Ceci- good to know you have a plan sounds good  . X

Juju- how was the sweep ?


----------



## juju81

Fab news janah, am over the moon for you  

Ceci, good plan of action.  Have you had your reserve checked before?

Carrie, fab news for Zac.  Hopefully he's over whatever he had  

Amanda, sweep......my cervix is still high but is softening.  Said its not unusual, especially at 39wks said sometimes you just need some contractions to get going.  Have another one Saturday at 40wks then will just get booked in for an induction date.
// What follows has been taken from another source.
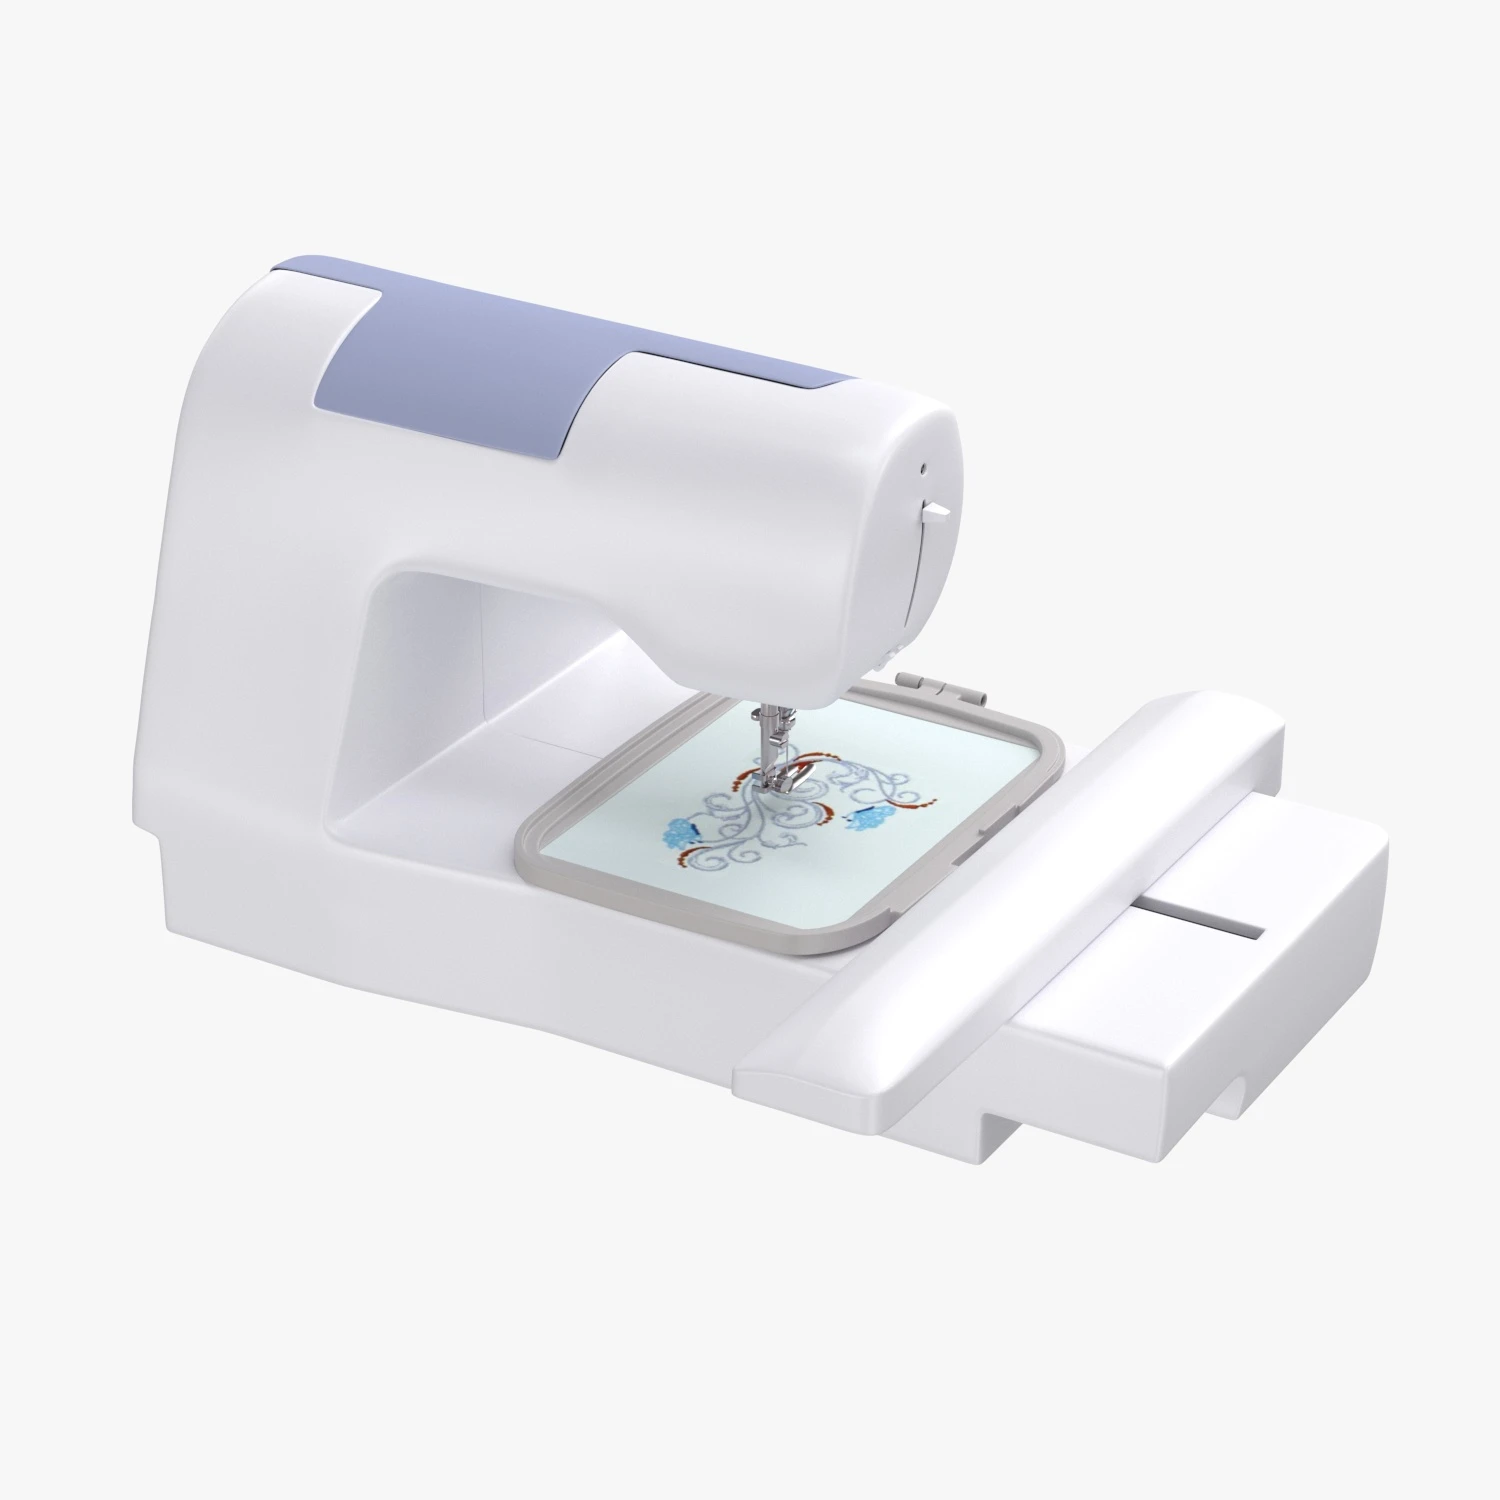 Brother PE800 Embroidery Machine 3D Model_06

Noah's now got hand foot and mouth so could actually do with her staying put for a bit longer


----------



## northernmonkey

Hi again. Finally made it home last night after a nightmare 7 hour journey. Dd#3 had had enough after about 4 hours so we had to keep stopping, but she gets to the point where that doesn't make any difference - she just has enough of the car seat so screams as soon as she gets back in it. At one stage I heard dd#1 say "mummy look" and I turned round to see the baby had managed to squeeze out of her harness and was climbing over the back of the baby seat!  I ended up having to swap seats with dd#1 and put her in the front while I sat in the back with the other 2 trying to entertain the baby.  She was having none of it and was getting really distressed and dh was finding it impossible to drive so I'm ashamed to say I had to get her out and feed her while we drove (thank goodness I'm still bf'ing and that calmed her down.) 

Does anyone know about child asthma symptoms? Dd#2 gets recurrent chesty coughs with a temperature which she's had again this week, then she woke up during the night coughing but it was a dry cough. I woke up hearing her and she just could not stop. I went to her room and she was getting really distressed. The cough went on and on for about 3 or 4 minutes, maybe more. I managed to calm her down eventually but I've never seen her like that before. I know asthma wouldn't cause a temperature but wasn't sure if the frequent coughs could be from something underlying. My dad and sister are both asthma sufferers and I'm praying that dd hasn't inherited it. 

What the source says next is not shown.